> [What is needed] Exact copies of all the lines below are needed, without the pictures.

> [Supplied material]
========

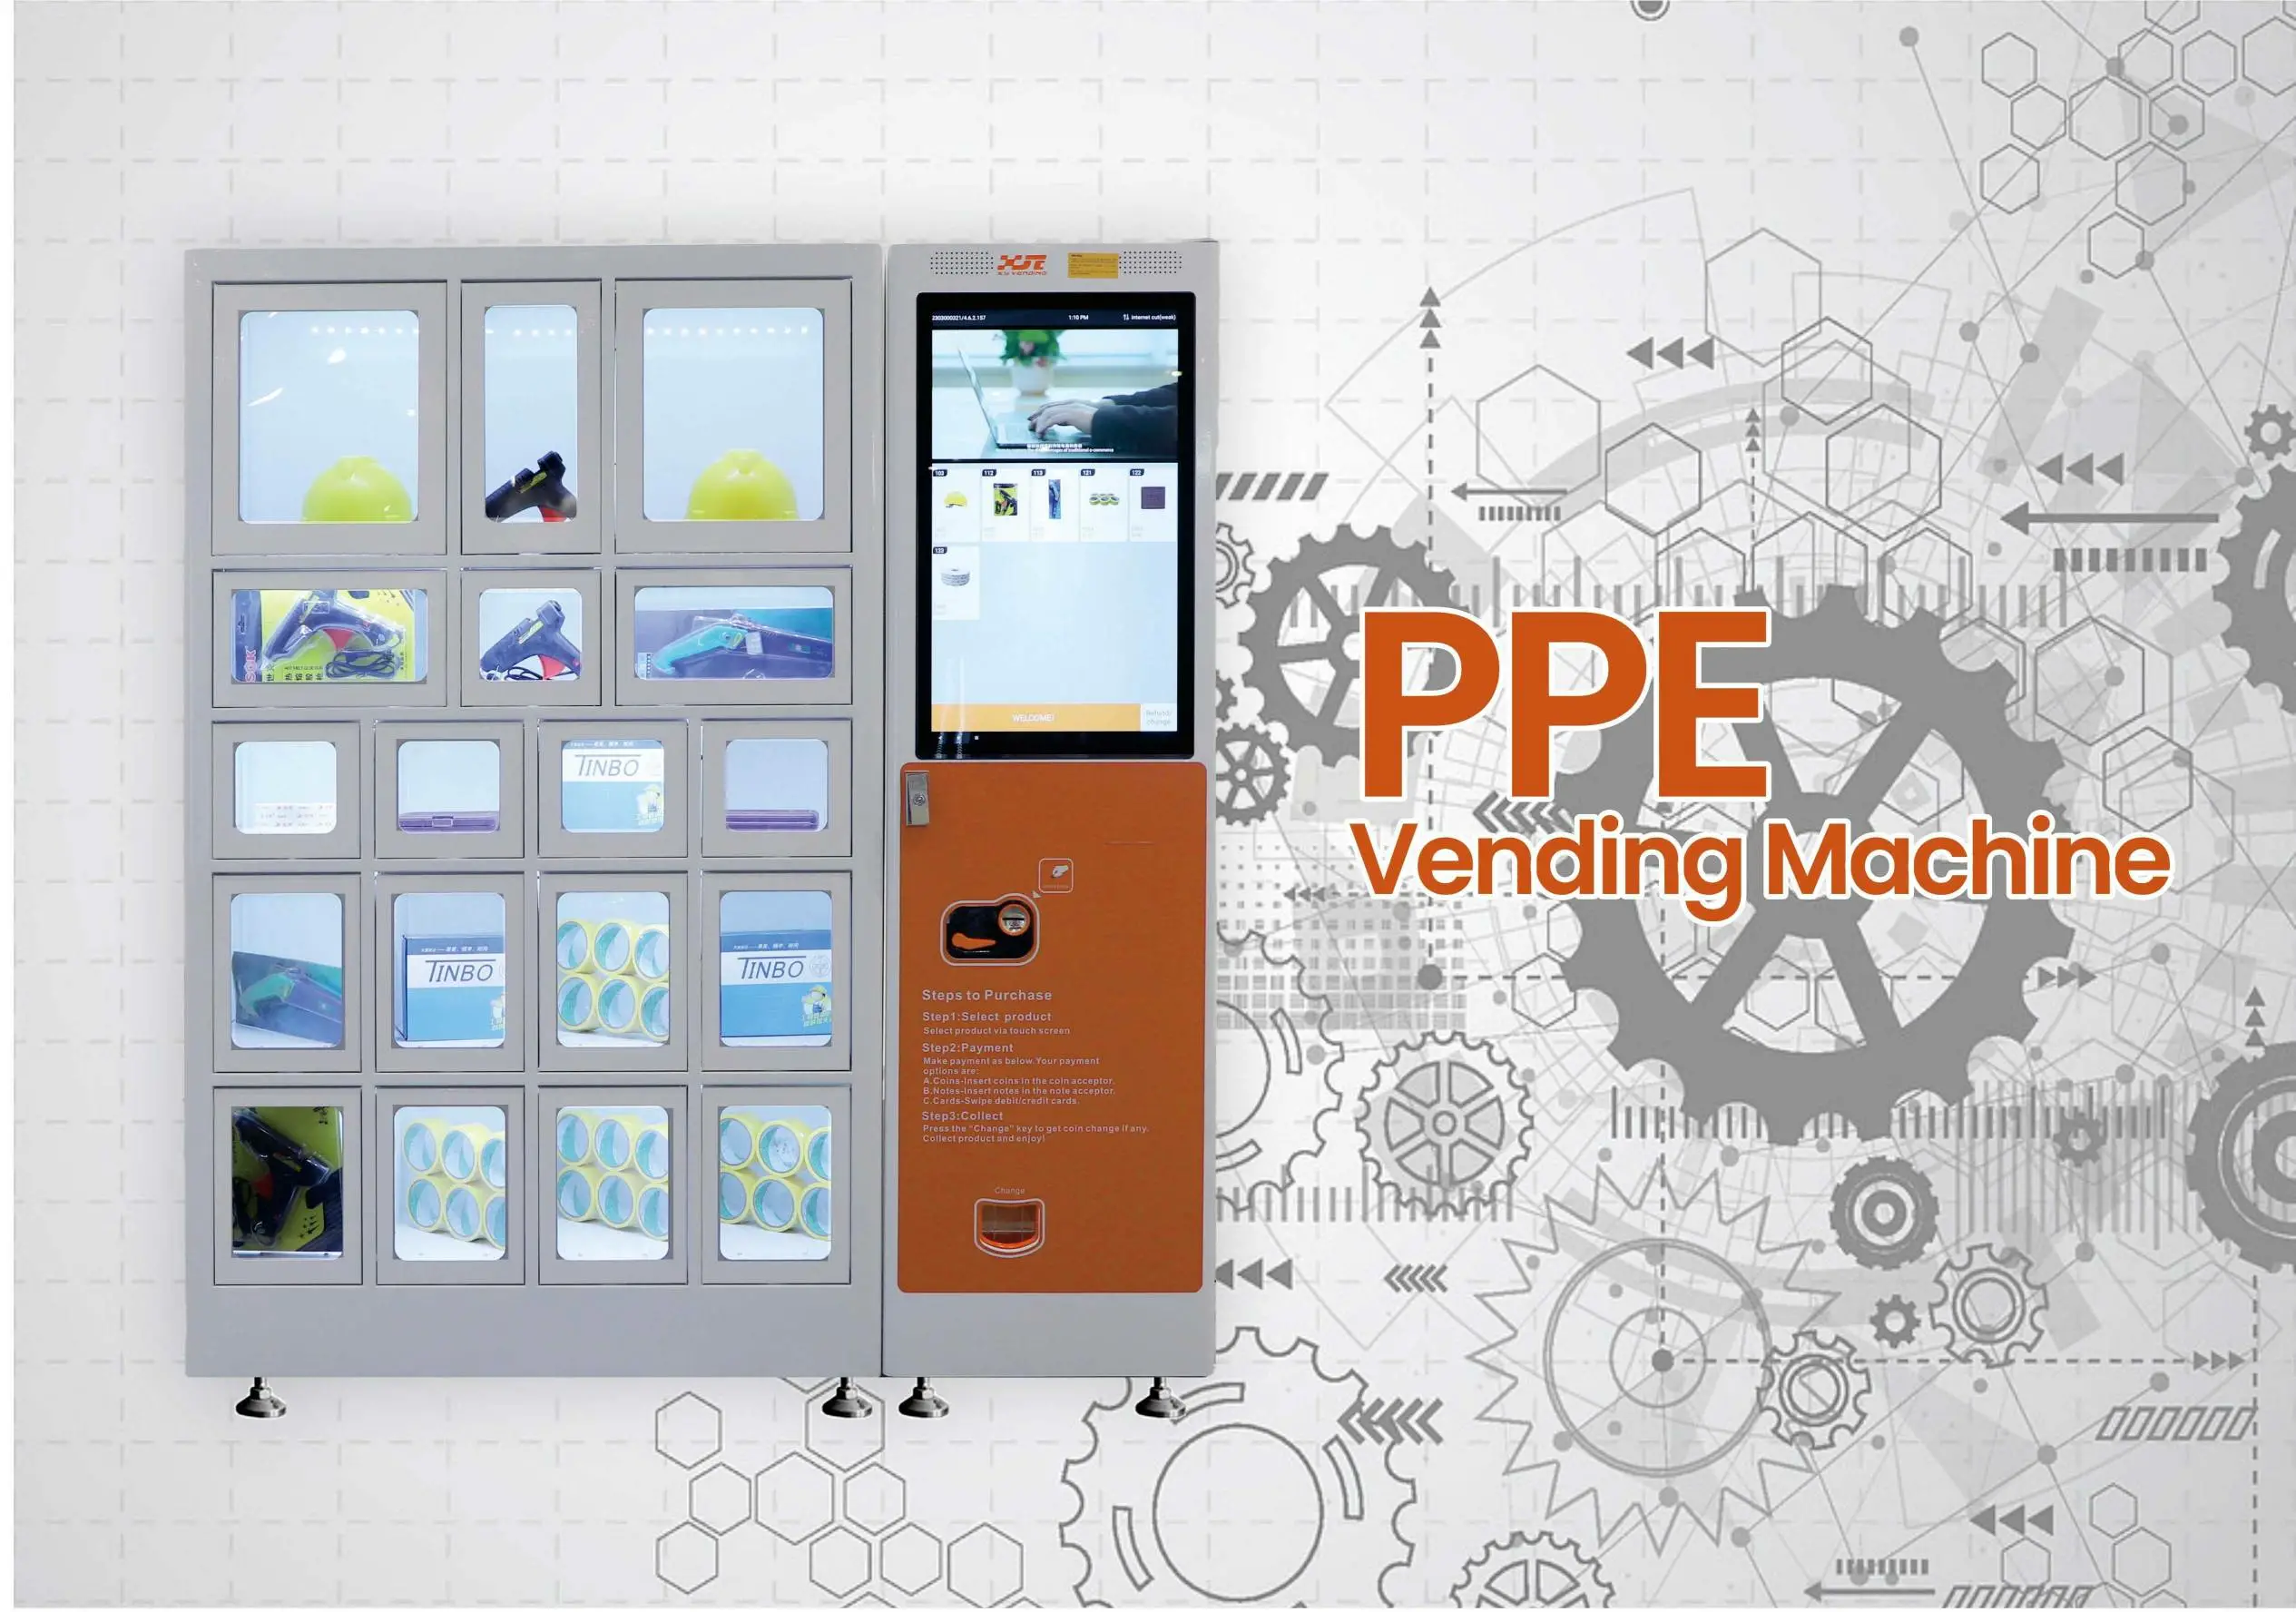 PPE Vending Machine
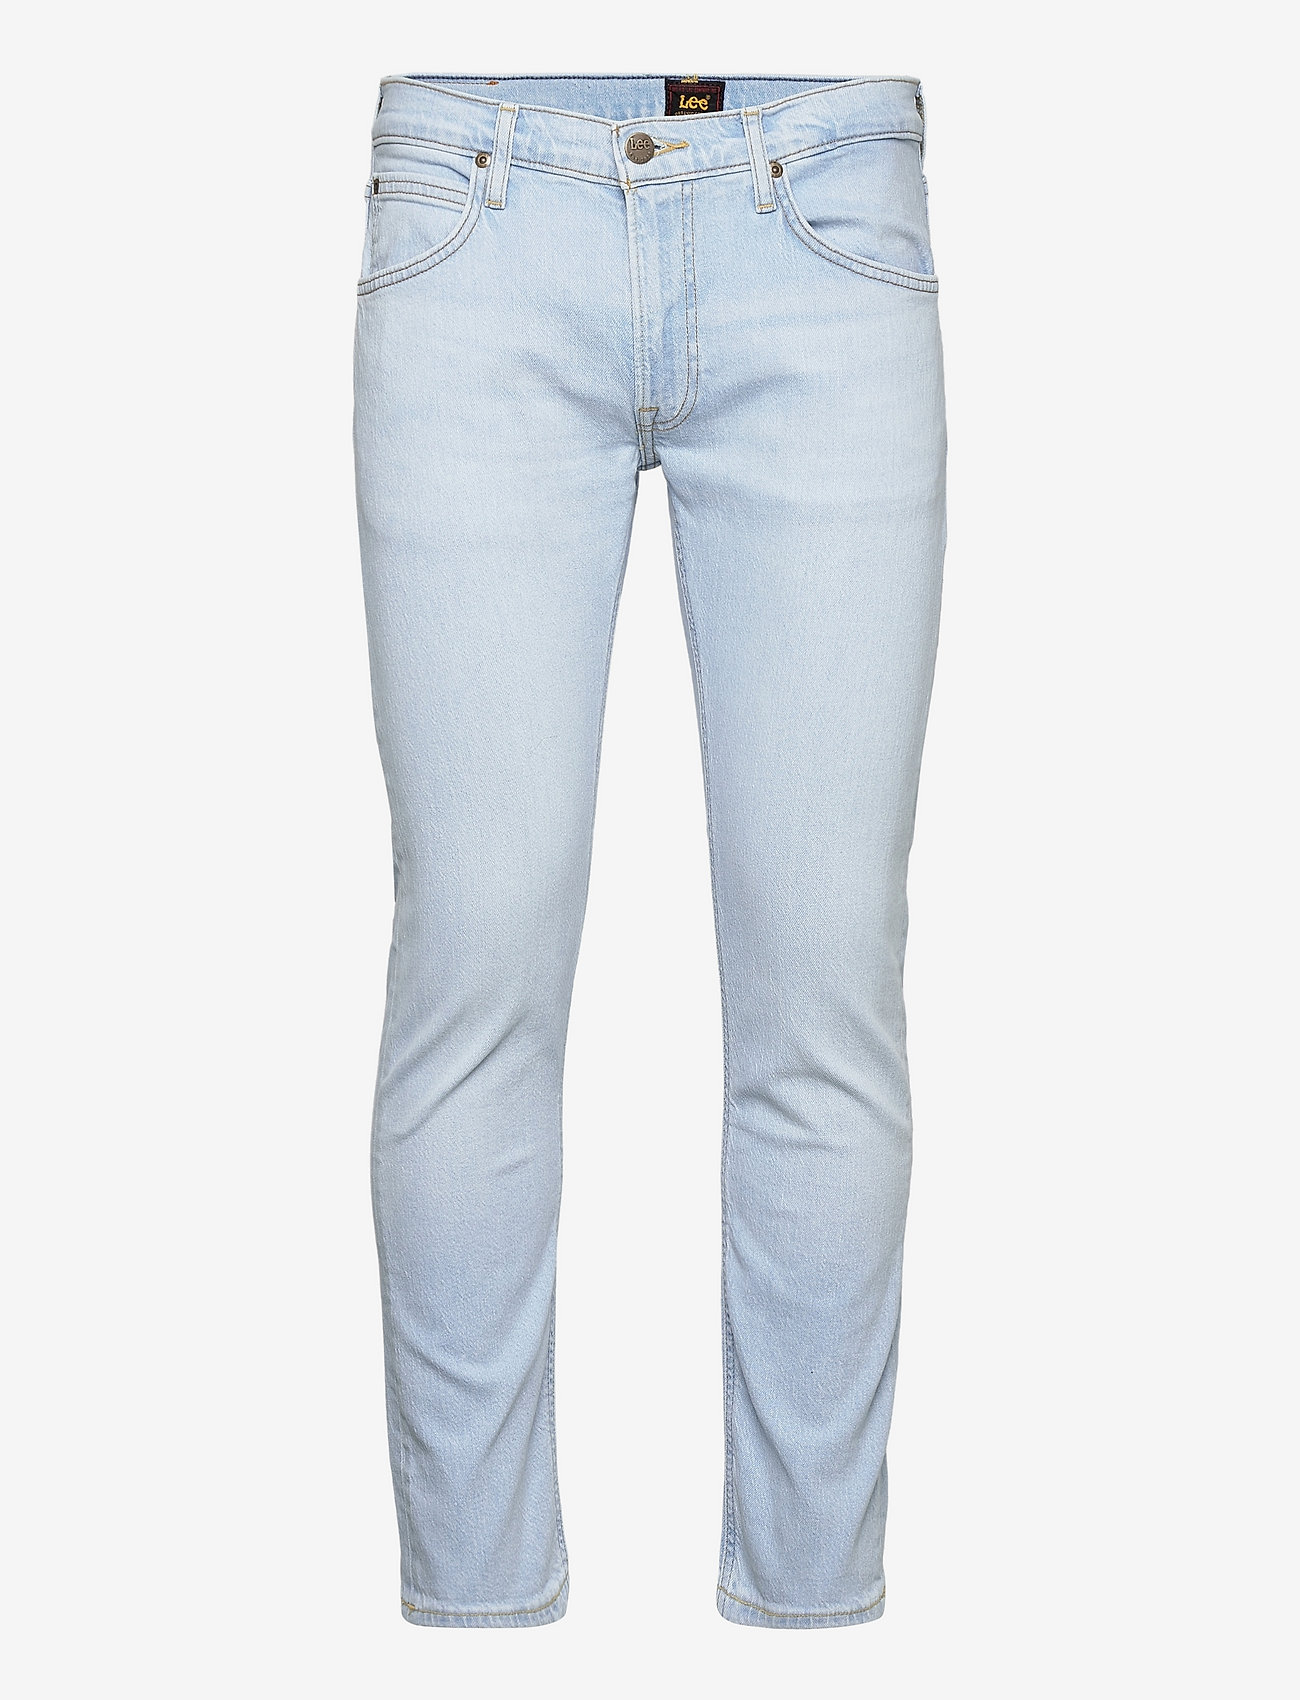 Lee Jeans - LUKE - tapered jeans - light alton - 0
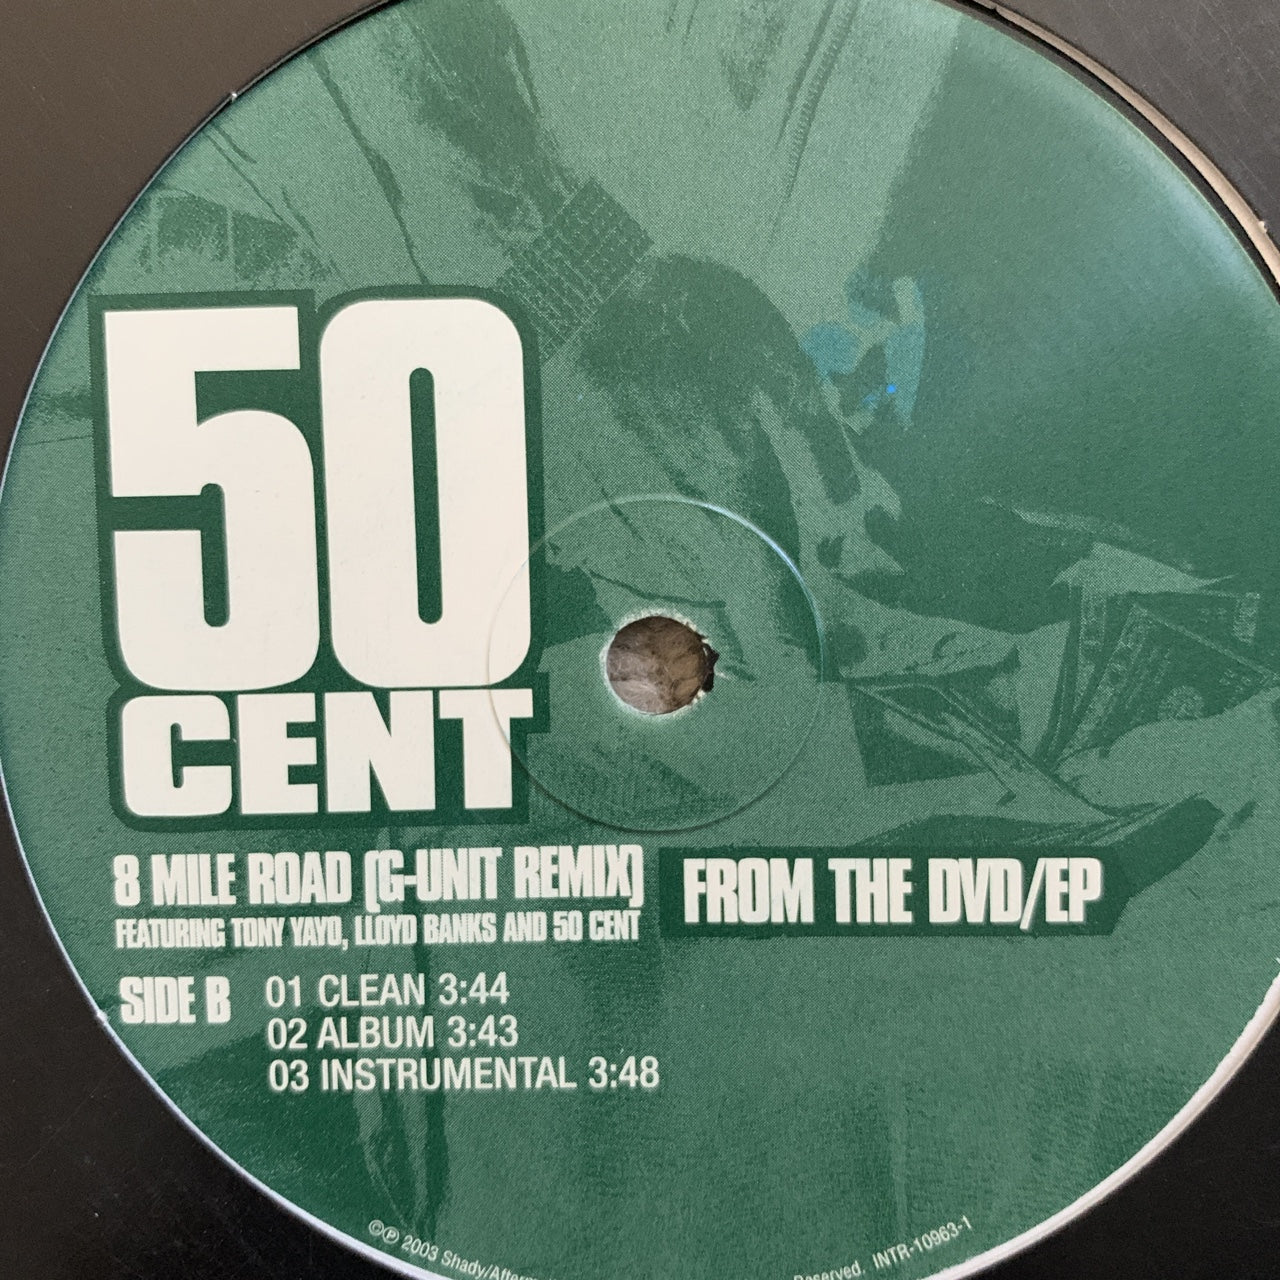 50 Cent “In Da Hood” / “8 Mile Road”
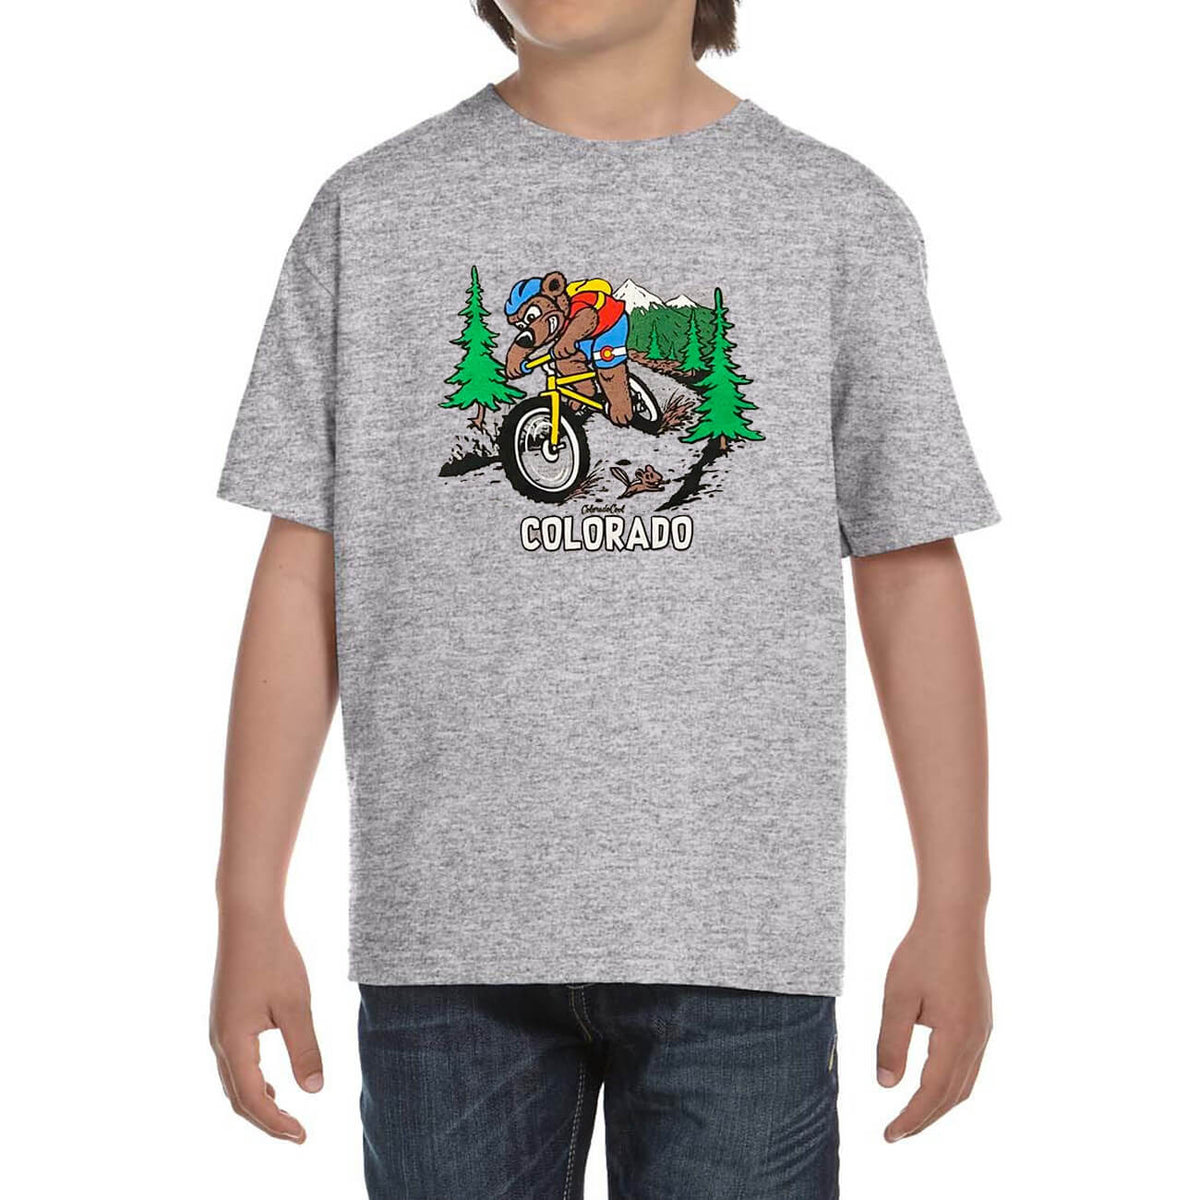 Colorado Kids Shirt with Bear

========

> [Response below]
 PPE Vending Machine
 Lee Jeans - LUKE - tapered jeans - light alton - 0
 50 Cent “In Da Hood” / “8 Mile Road”
 Colorado Kids Shirt with Bear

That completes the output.